2. Afirma o Impetrante ter sido realizada sessão no Conselho de Ética e Decoro Parlamentar do Senado Federal para apreciação da Representação n. 1/2007, no dia 30.8.2007, e que, na oportunidade, após debate entre o Presidente do digno órgão, Senador Leomar Quintanilha, e os Senadores Arthur Virgílio e Demóstenes Torres, estabeleceu o colegiado que a votação do parecer do Relator seria pelo regime de voto aberto.

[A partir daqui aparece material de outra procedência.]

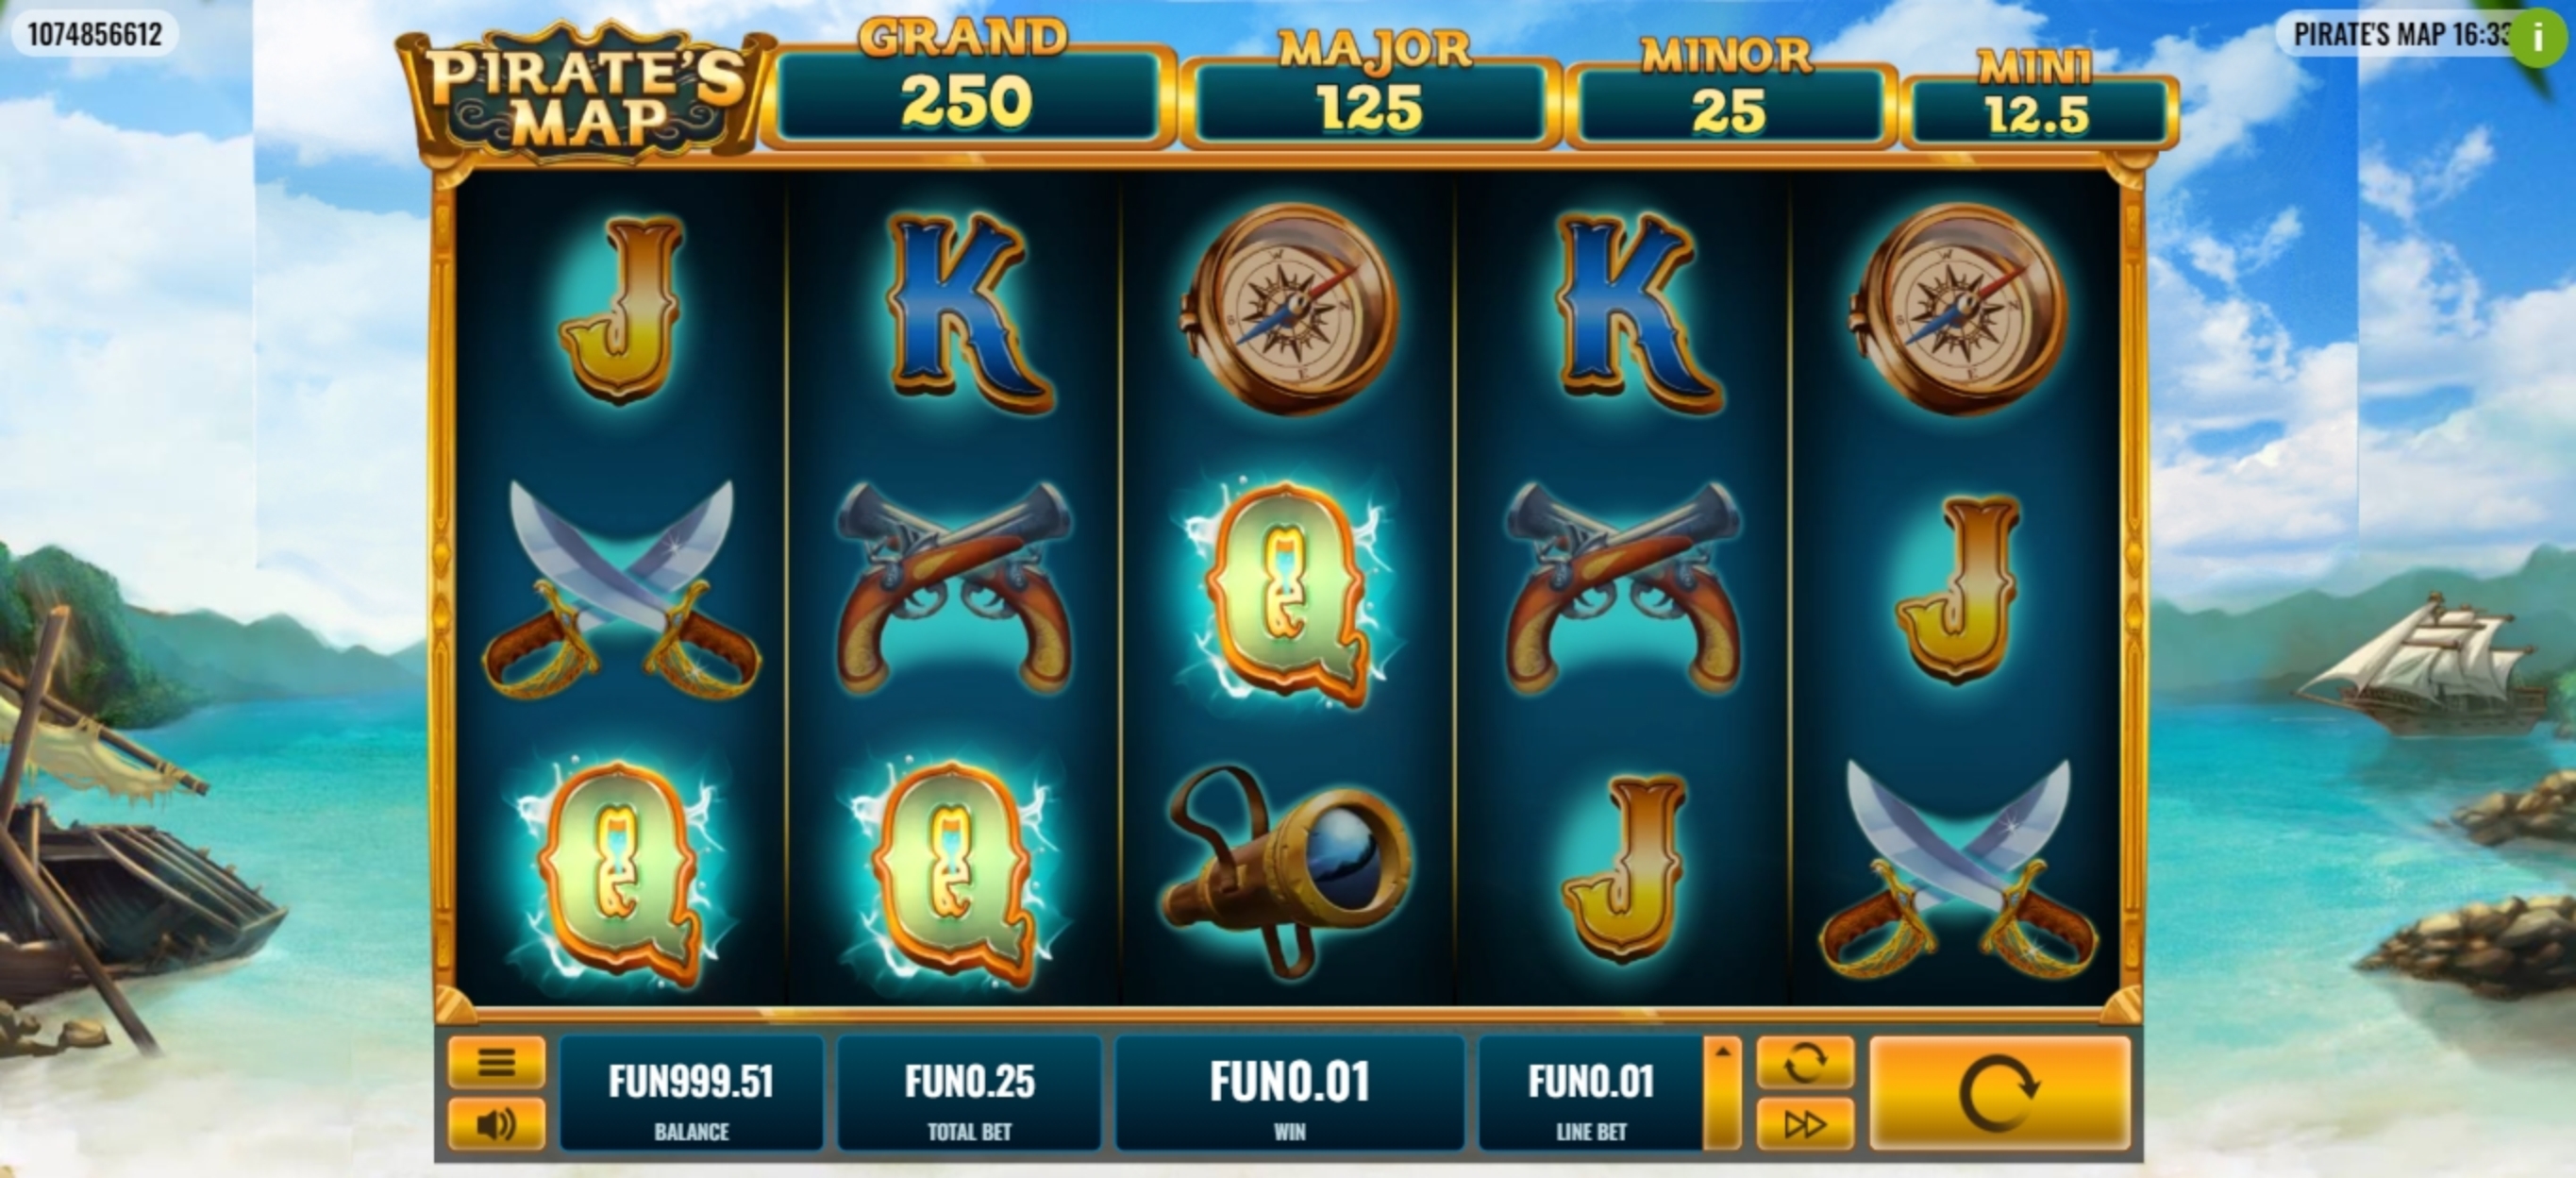 Win Money in Pirate's Map Free Slot Game by Platipus

Assevera haver forte possibilidade de se adotar idêntico procedimento na sessão marcada para o próximo dia 26, por não ter sido alterada a composição daquele Conselho. E argumenta que, como um de seus membros, teria o direito de proferir voto secreto em todas as etapas do processo para cassação de mandato de outros senadores, à luz do art. 55, § 2º, da Constituição.

Após defender a sua legitimidade ativa para a impetração, alega que:

“Como demonstrado acima, resta claro que a atual posição da maioria e, portanto, do próprio Conselho de Ética, é pela imposição de votação aberta em casos de pedido de cassação de Senadores da República, a despeito do que estabelece o § 2º do art. 55 da Constituição Federal. A existência dessa coação ilegal e abusiva gera o fundado receito de que nova violação ao direito líquido e certo do Impetrante será imposta pela Autoridade Coatora.

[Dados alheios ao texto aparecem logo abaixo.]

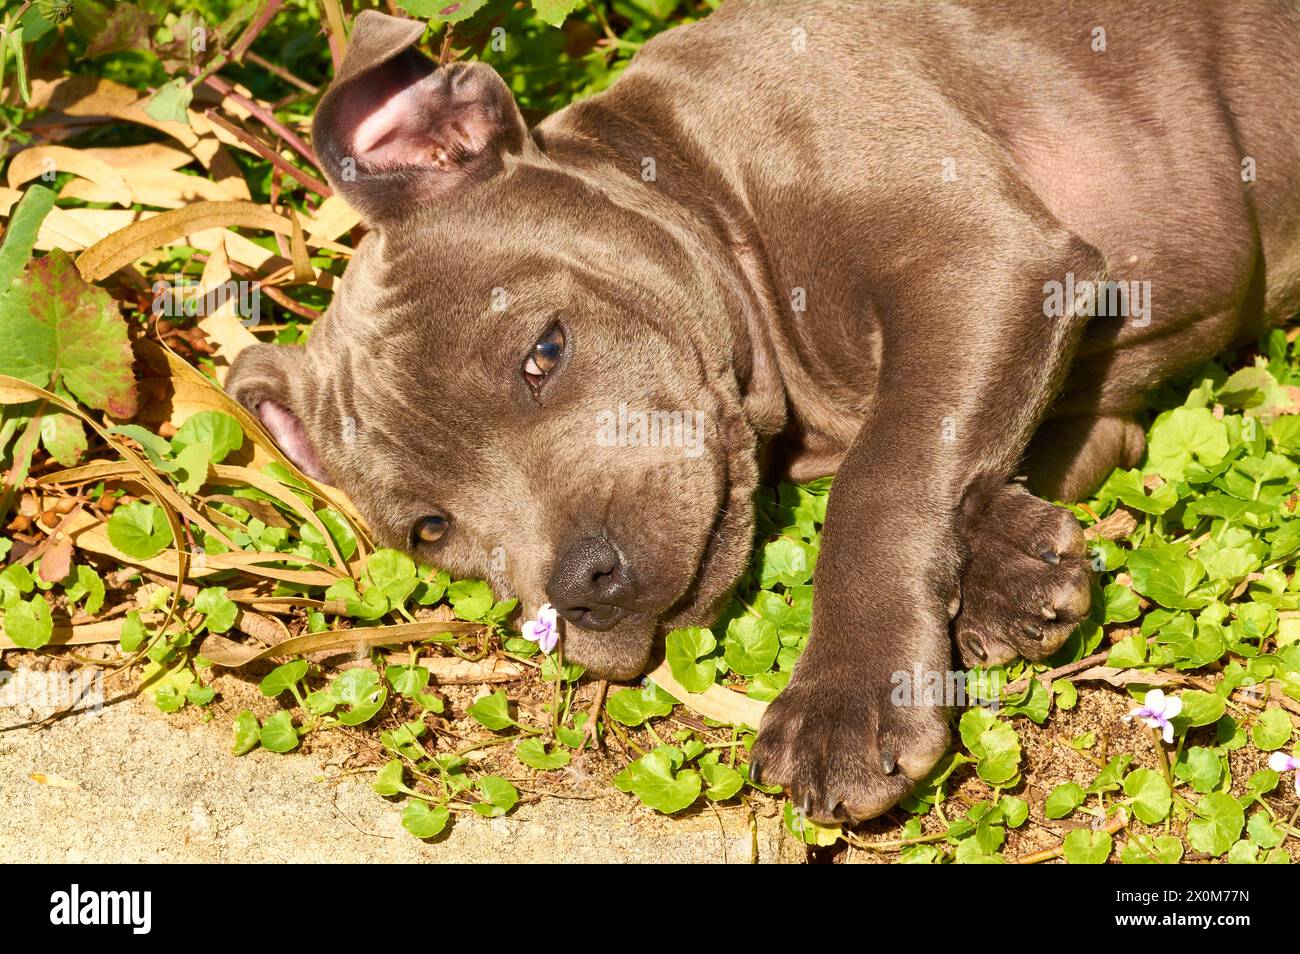 A close-up of a playful male Blue English Staffordshire Bull Terrier puppy lying in a garden bed with a flower near his nose and paws in front. Stock Photo

O referido justo receito é reforçado, acima de qualquer dúvida, quando se demonstra que foi definido pelo Conselho de Ética que será levado a julgamento, já na próxima semana, dia 26 (cf. Doc. 6 – Pauta e Convocação para a 9ª Reunião), mais uma representação pela cassação do mandato de um Senador, sendo fato que há mais duas a serem julgadas em breve.

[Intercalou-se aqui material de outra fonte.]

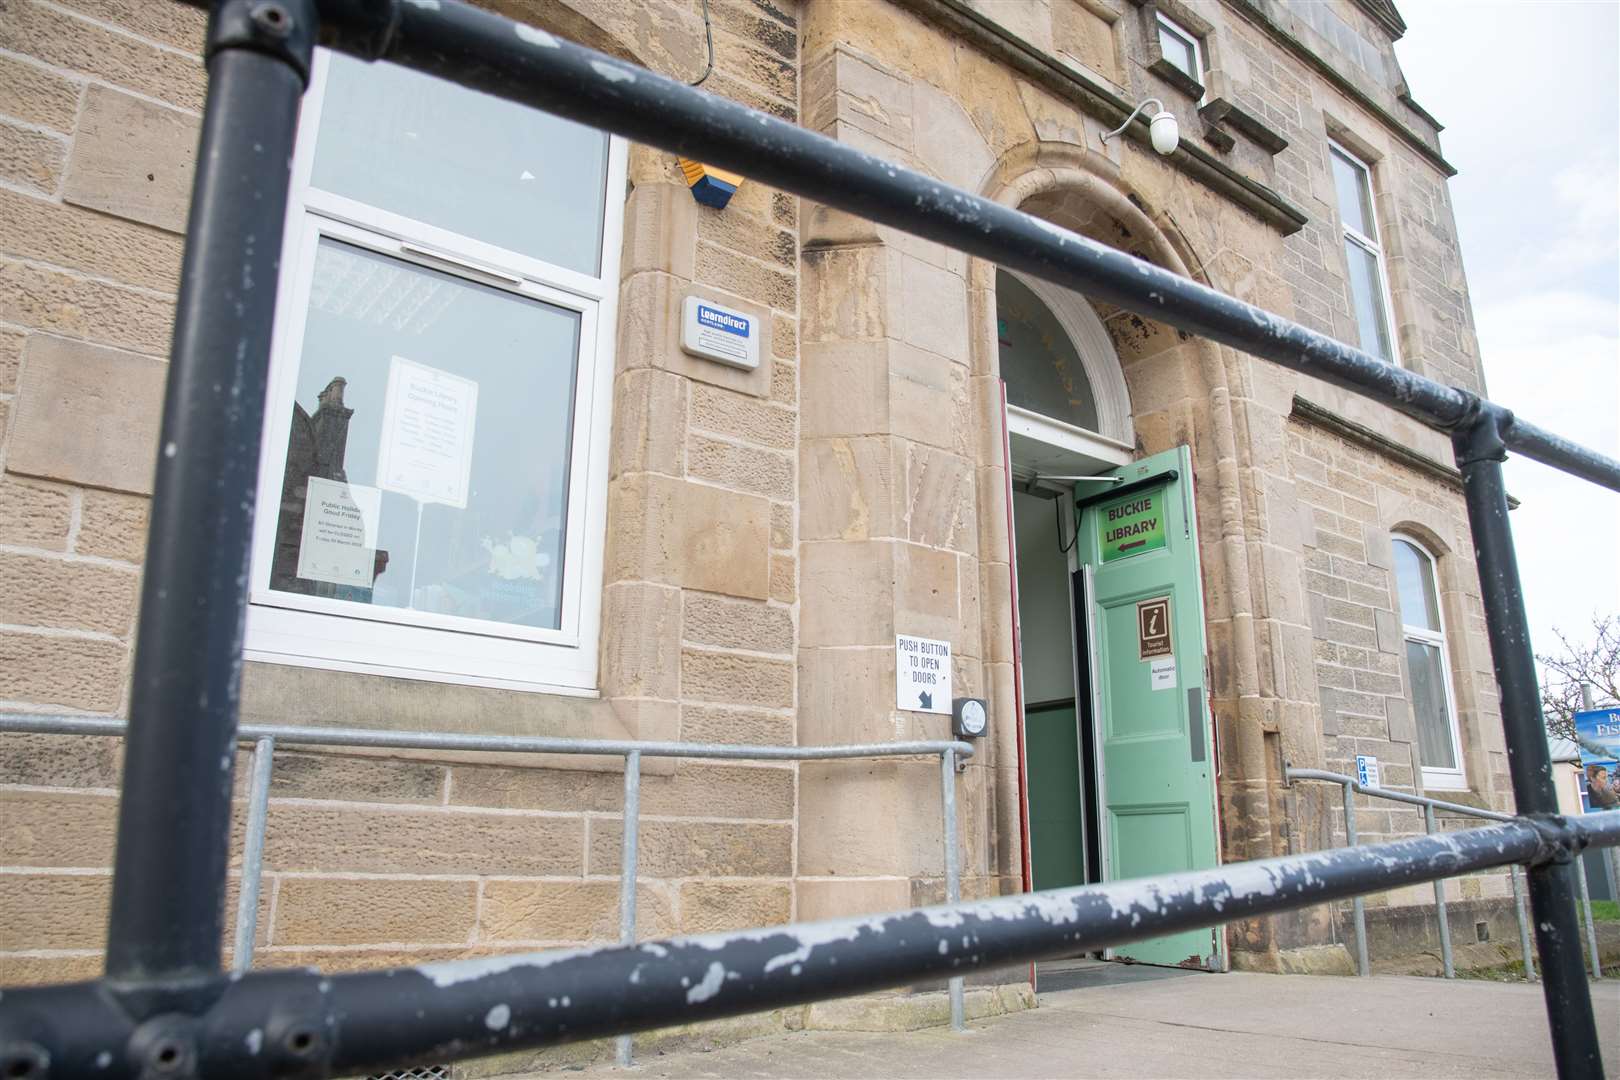 Police in Buckie are appealing for information following at break-in at the town's library. Picture: Daniel Forsyth

De acordo com a Convocação e a Pauta da 9ª Reunião do Colegiado, a ser realizada na próxima quarta-feira, dia 26 de setembro próximo (vide Doc. 6), o Conselho de Ética deve iniciar o julgamento da Representação nº 2, de 2007, protocolada pelo Partido Socialismo e Liberdade (PSOL), cujo objeto é a cassação do mandato de um Senador da República, em conformidade com o § 2º do art. 55 da Constituição” (fl. 7-8).

E prossegue:

“O constituinte originário, ao consagrar o § 2º do art. 55, quis que os deputados federais e os senadores, ao decidir sobre a cassação de um Par, pudessem emitir seus votos sob proteção de qualquer influência que não a de suas próprias consciências.

Ainda que não se concorde com o texto constitucional, não se pode desrespeitá-lo, ao menos antes que o poder constituinte derivado promova a devida modificação seguindo o devido processo legislativo. Por mais justa que uma causa possa parecer, ou por mais convincente que seja um argumento de lege ferenda, a Constituição da República deve ser fielmente obedecida, cabendo ao Supremo Tribunal Federal zelar pelo seu cumprimento.

Nessa linha de raciocínio, não se pode conceber como a Constituição Federal protegeria a liberdade de voto dos parlamentares apenas parcialmente, ou distinguiria os que integram o Conselho de Ética dos que se pronunciam apenas em Plenário.

Ora, se a intenção do constituinte originário foi afastar os riscos de constrangimentos que o votante pode vir a sofrer, seja por ocasião da realização da votação, seja futuramente, após o sufrágio, cabe indagar que razão justificaria o sigilo do voto no Plenário e a sua declaração no Conselho de Ética.

Registre-se que esse direito público subjetivo pode ser exercitado em qualquer órgão fracionário da Casa Legislativa em que seja levada a efeito deliberação acerca de parecer que conclua pela cassação de mandato por quebra de decoro parlamentar.

(…)

Deveras, assim como os senadores que somente se pronunciam na Sessão do Plenário têm o direito subjetivo de manter seu voto em sigilo, os membros do Conselho de Ética também têm idêntico direito, não podendo, ao menos sem violações à literalidade do texto constitucional, ser constrangidos a declarar seu voto, pena de quebra da isonomia: Senadores em geral são protegidos pelo texto constitucional, exceto se integrar o Conselho de Ética, hipótese na qual teria suas garantias constitucionais restringidas.

(…)

Por todo o exposto, resta incontroverso que há um direito líquido e certo do Impetrante à proteção do voto secreto em processos de cassação de mandatos de Senadores. Tal proteção se estende a todas as instâncias de sua atuação no âmbito do Senado Federal, nos termos do § 2º do art. 55 da Constituição, Conselho de Ética inclusive. Não obstante, o recente posicionamento do Conselho no sentido de impor votação aberta violou e ameaça violar o referido direito, que merece proteção judicial por este e. Supremo Tribunal.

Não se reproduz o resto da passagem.